Whole Wheat Cinnamon Rolls

Anyone in the mood for breakfast food? Cinnamon rolls always do the trick with me. I love them pretty much any way you want to serve to to me. These are especially soft and delicious. I topped with with a cream cheese frosting so it would be more substantial than a "drizzle" although a drizzle is healthier for you this adds to the cinnamon roll eating experience to have the warm and smooth frosting dripping over the sides. 

I've been meaning to make cinnamon rolls at home for weeks now. There are a million recipes that I want to try at home though and I talk about them almost all the time. My husband much prefers seeing the results of my talking about them instead of me just telling him I found this delicious looking recipe I want to make (yeah, I can see why :) ). My son was also very excited and we started laughing because he brought me the pan off the counter and asked for one please. He's only two and so that's still adorable. 

You could probably cut down on the time with these by preparing them the night before through shaping and cutting them then putting them in the pan. After they're in the pan you could loosely cover them and pop them in the refrigerator then pull them out in the morning and pop them in the oven. I wanted to do it this way but had other stuff going on so I did it all the same day. It's just a thought though. A lot of the time for this recipe is spent waiting on it to rise, which is okay also because it give you time to get stuff done.
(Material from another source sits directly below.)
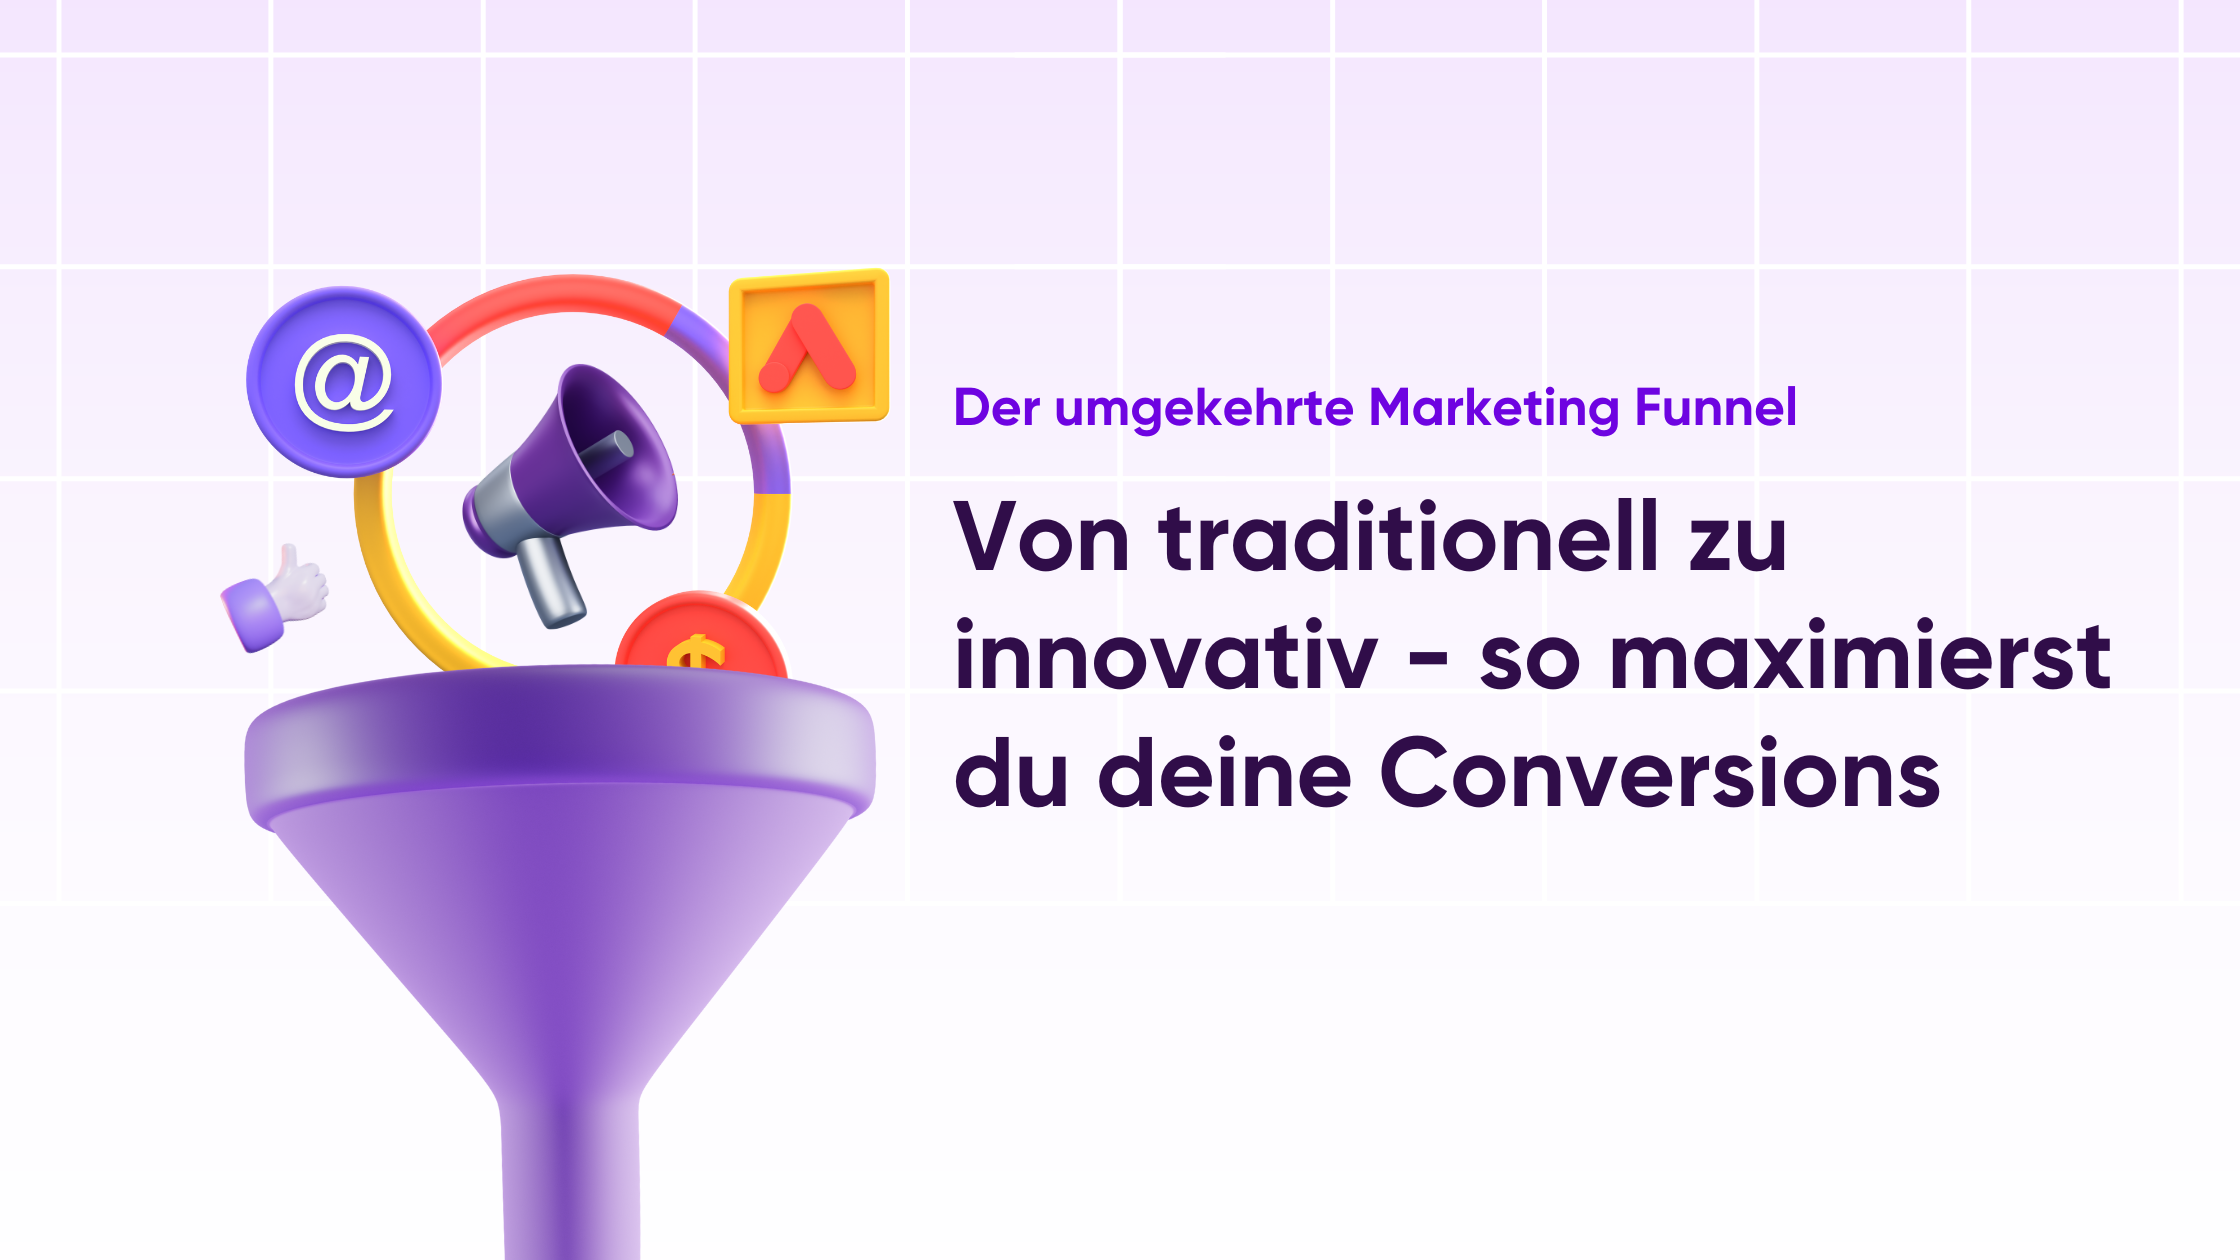 Der umgekehrte Marketing Funnel Von traditionell zu innovatiov - so maximierst du deine Conversions
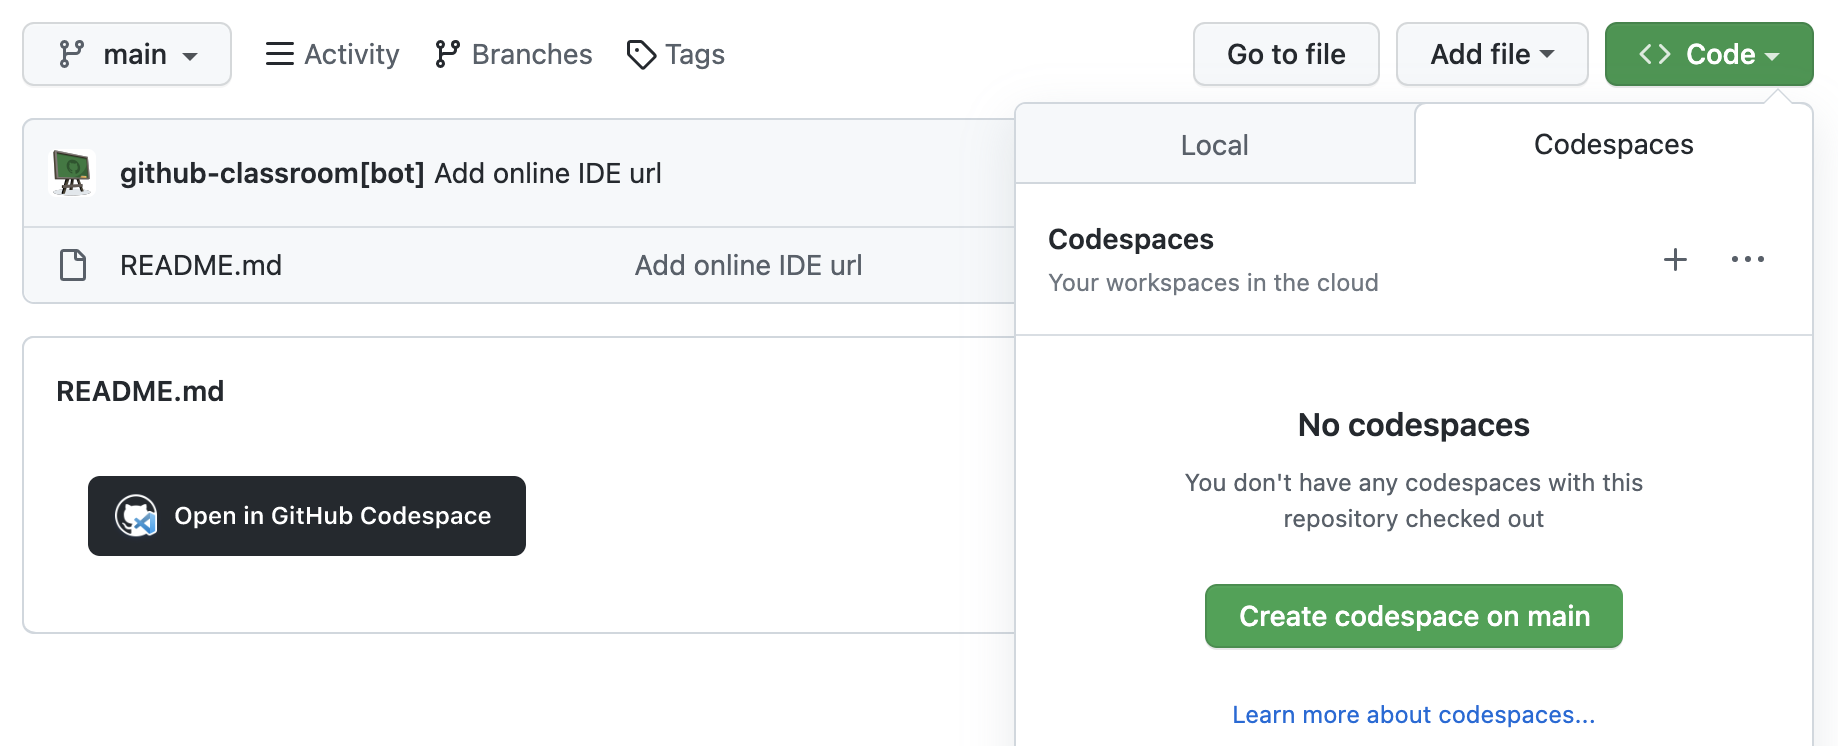 Captura de tela do repositório de tarefas. O menu suspenso "Código" para iniciar um novo codespace é expandido.

Happy Baking!

Whole Wheat Cinnamon Rolls
Makes 8 servings (serving size: 1 roll)

- 1 package dry yeast (about 2 1/4 teaspoons)
- ¼ cup + 2 tablespoons warm 1% milk (100° to 110°)
- 2 tablespoons warm water (100° to 110°)
- 2 tablespoons butter, softened
- 2 tablespoons honey
- ¼ teaspoon salt
- 3/4 teaspoon fresh lemon juice
- 1 large egg
- 1 ¼ cups all-purpose flour, divided
- ¾ cup whole wheat flour
- 2 tablespoons packed brown sugar
- 2 teaspoons ground cinnamon
- dash teaspoon ground nutmeg
- cup raisins
- 4 ounces cream cheese, softened
- 2 ounces butter, softened
- ½ teaspoon vanilla extract
- 1 cup powdered sugar

1. To prepare dough, dissolve yeast in warm milk and 2 tablespoons warm water in a large bowl; let stand 5 minutes or until foamy. Add butter and next 4 ingredients; stir well.
2. Add 1 cup all-purpose flour and whole wheat flour, stirring until a soft dough forms. Turn dough out onto a floured surface. Knead until smooth and elastic (about 8 minutes); add enough of remaining 1/4 cup all-purpose flour, 1 tablespoon at a time, to prevent dough from sticking to hands (dough will feel sticky).
3. Place dough in a large bowl coated with cooking spray, turning to coat top. Cover and let rise in a warm place (85°), free from drafts, 1 hour or until doubled in size. (Gently press two fingers into dough. If indentation remains, dough has risen enough.) Punch dough down; roll into a 8” x 12” rectangle on a floured surface. Coat surface of dough with cooking spray.
4. To prepare filling, combine brown sugar, cinnamon, and nutmeg; sprinkle over dough, leaving a 1/2-inch border. Sprinkle raisins over dough, pressing gently into dough. Roll up rectangle tightly, starting with a long edge, pressing firmly to eliminate air pockets; pinch seam to seal. Cut the dough into 8 rolls. Place the rolls, cut sides up, in a 7”x11” baking pan coated with cooking spray.
5. Cover and let rise 45 minutes or until doubled in size. Preheat oven to 375°.
Uncover rolls. Bake at 375° for 22 minutes or until lightly browned. Cool in pan on a wire rack.
6. For frosting, combine cream cheese in butter in a mixer until fluffy and almost completely smooth. Add in vanilla, then the powdered sugar ¼ cup at time, mixing in between, until desired consistency is reached.